Mike (Josh Hutcherson, autrefois un bon enfant acteur et star de « Hunger Games ») dort mal la nuit, prend des pilules et revient sans cesse à un épisode effrayant de son enfance : lorsqu'on lui a confié la surveillance de son petit frère lors d'un barbecue, et que celui-ci a été kidnappé. Mike essaie si activement de se souvenir du moindre détail jusque-là inaperçu de cet enlèvement qu'il devient peu à peu fou à cause des rêves lucides.

Le garçon se fait virer de son travail, mais il doit élever sa petite sœur (leurs parents sont récemment décédés), qui elle aussi est surtout triste et dessine quelque chose de mélancolique. Mike a du mal à trouver un poste très étrange de gardien de nuit dans un restaurant familial fermé depuis longtemps, dont la principale attraction était autrefois des robots animatroniques joyeux.

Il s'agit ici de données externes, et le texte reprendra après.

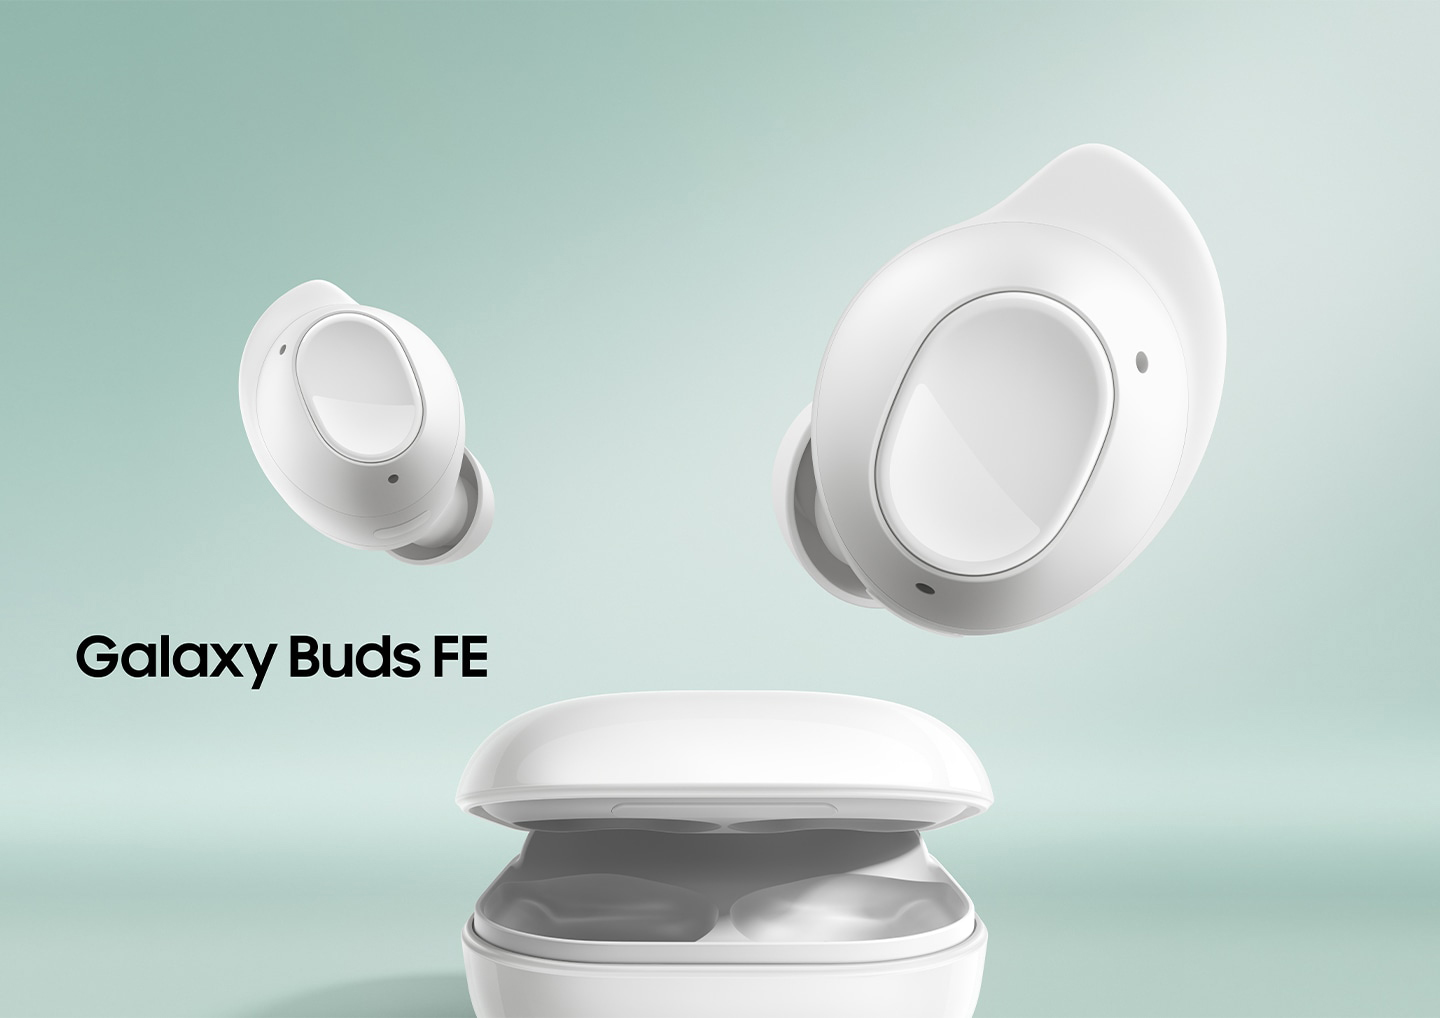 Les Samsung Galaxy Buds FE : réduction de bruit, haut-parleur intégré et fonction de localisation

Maintenant, comme Mike, ils ne sont en fait plus vraiment utiles à personne et végètent, semble-t-il, sans rien faire, rappelant les insouciantes années quatre-vingt américaines.

Naturellement, il s'avère bientôt que Mike ne protège pas le restaurant des gens, mais les gens du restaurant ; les animatroniques sont bien vivants, et les problèmes du héros déjà insupportablement triste ne font que commencer. Tout cela est l'intrigue d'un jeu vidéo très populaire du même nom, dont le but est de survivre dans cet établissement abandonné pendant cinq longues nuits.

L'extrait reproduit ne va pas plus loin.